Saat kita berusaha menuju masa depan net-zero. Merujuk pada Konsensus COP28 UEA, semua pihak berjanji untuk beralih dari bahan bakar fosil, mempercepat pengurangan emisi NDC yang ambisius dan berskala ekonomi, dan menunjang tiga kali lipat kekuatan terbarukan dan dua kali lipat efisiensi kekuatan pada tahun 2030,\\” ujar Menko Luhut dikutip dari keterangan tertulis yang disiarkan Kementerian Daya Sumber Daya dan Mineral (Kementerian ESDM), Senin (20/5/2024).

Menurut Luhut, Indonesia memiliki potensi slot spaceman besar untuk memanfaatkan sumber kekuatan alamnya secara berkelanjutan. Kemudian menghasilkan pendapatan dari penjualan karbon via mekanisme carbon pricing yang berstandar internasional.

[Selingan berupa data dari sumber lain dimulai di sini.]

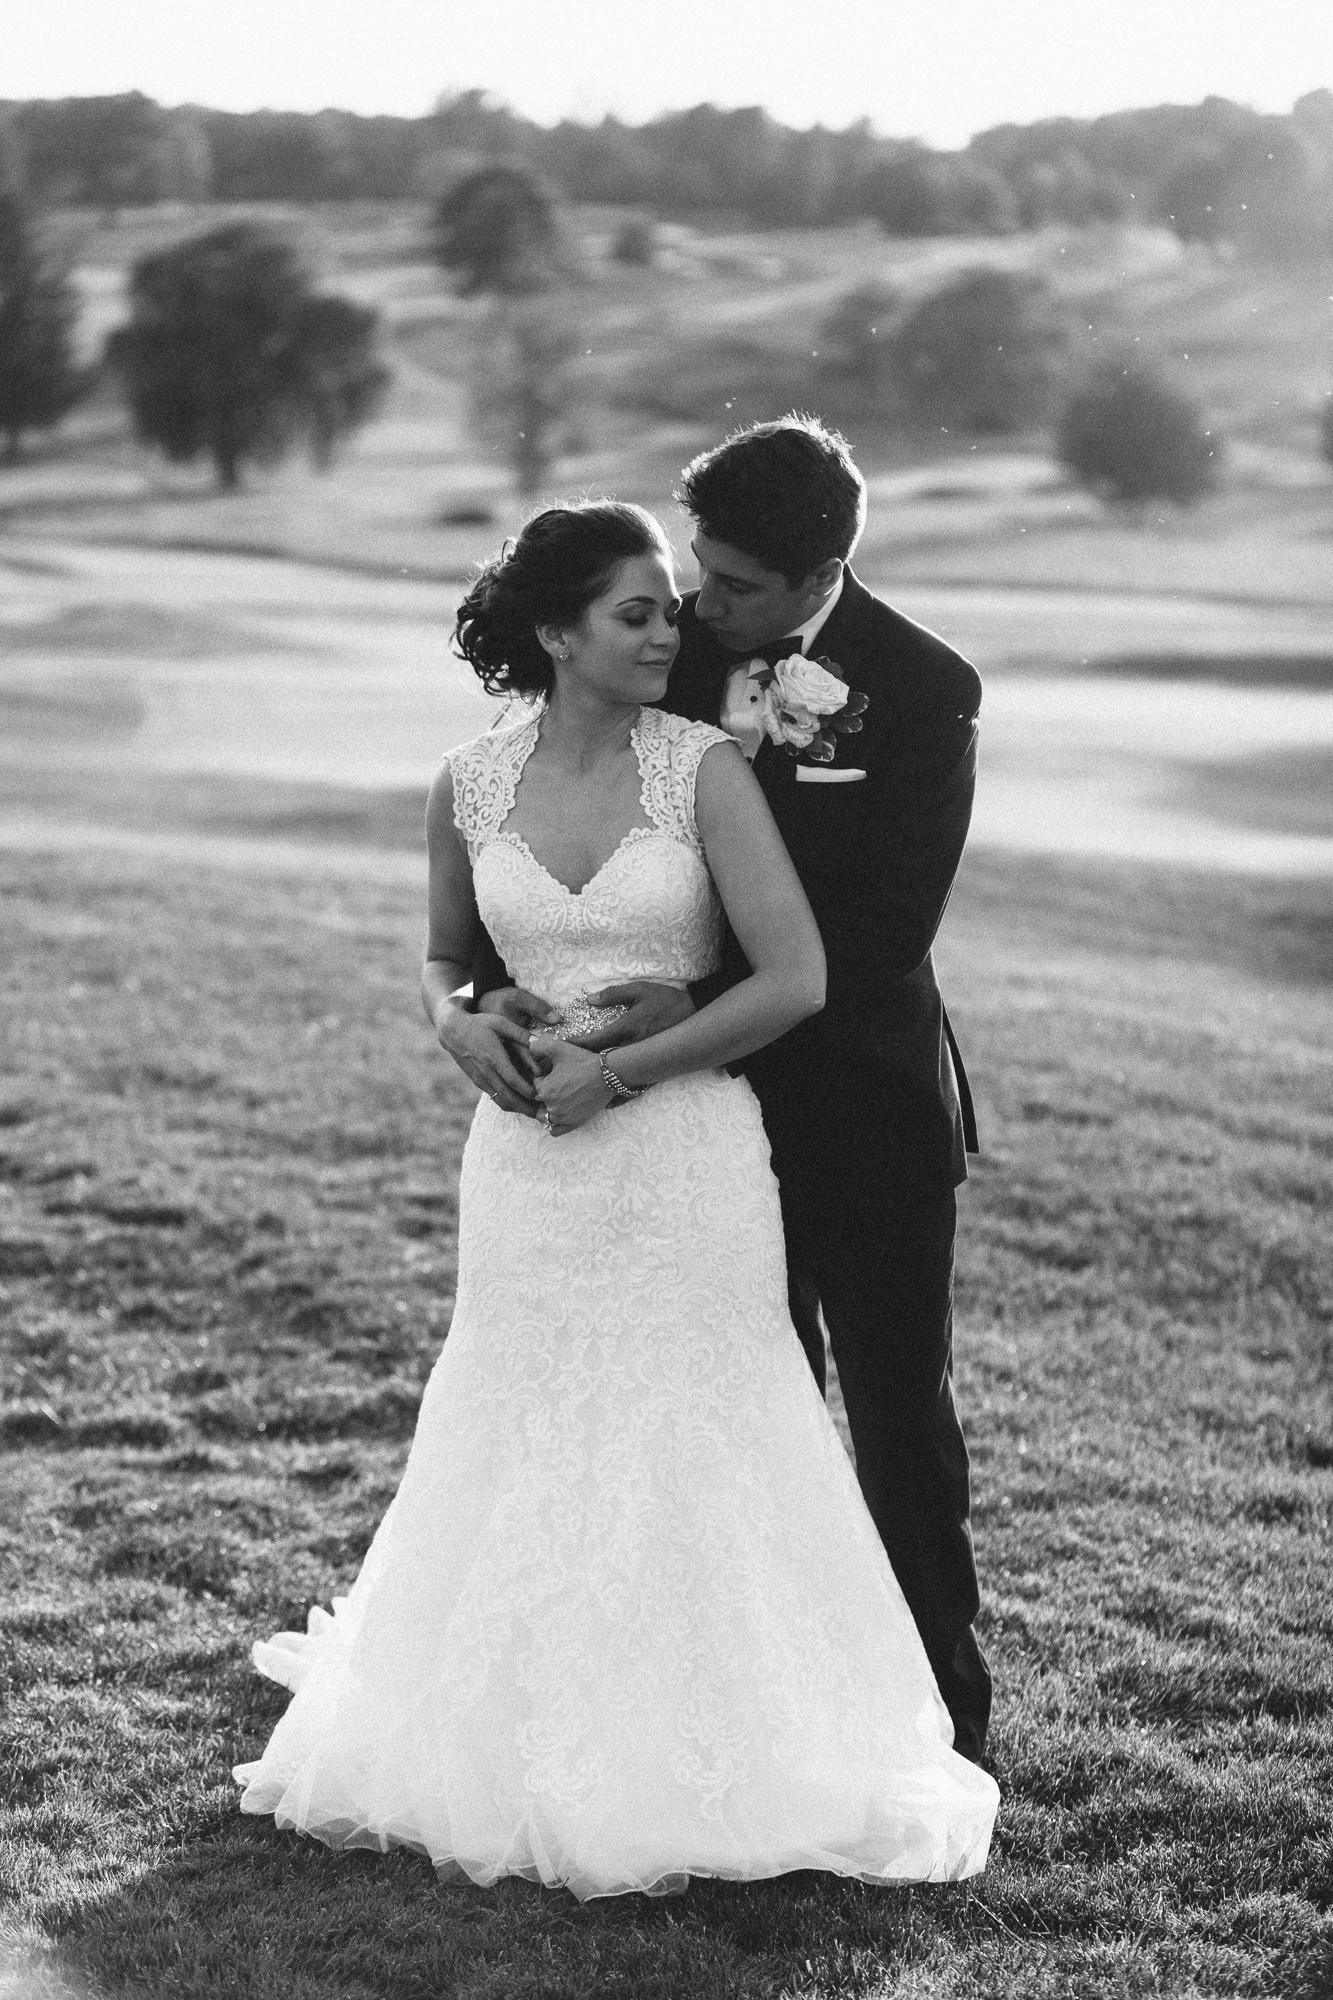 scranton-wedding-photography-zak-zavada-2016.06-rebeccaIan-1876.jpg

Indonesia diberkati dengan sumber kekuatan alam yang amat besar yang dapat diterapkan untuk memecahkan perubahan iklim. Menurut beberapa penelitian, termasuk McKinsey pada tahun 2023, Indonesia memiliki potensi Nature Based Solutions (NBS) atau Ecological Based Approach (EBA) yang amat besar dari upaya mitigasi sampai 1,5 GT CO2eq per tahun, sekitar Rp 112,5 triliun atau USD 7, 1 miliar,\\” ujar Menko Luhut.

Inisiatif Indonesia

Luhut juga menyinggung inisiatif Indonesia sela-sela KTT G20 merupakan Global Blended Finance Alliance (GBFA) yang juga dapat menjadi solusi mengahadapi tantangan global perubahan iklim.

\\”GBFA juga menunjang pencapaian SDGs untuk negara-negara berkembang, LDCs, negara kepulauan, dan Kolaborasi Global Selatan. Via GBFA, kami meletakkan dasar bagi perubahan transformatif, memanfaatkan keuangan campuran dan pengetahuan masa depan untuk mempercepat penciptaan skor dan investasi di sektor-sektor ekonomi utama seperti kekuatan, hutan, ekonomi biru, termasuk hutan bakau dan lamun, kesehatan infrastruktur, dan keberlanjutan pariwisata,\\” paparnya.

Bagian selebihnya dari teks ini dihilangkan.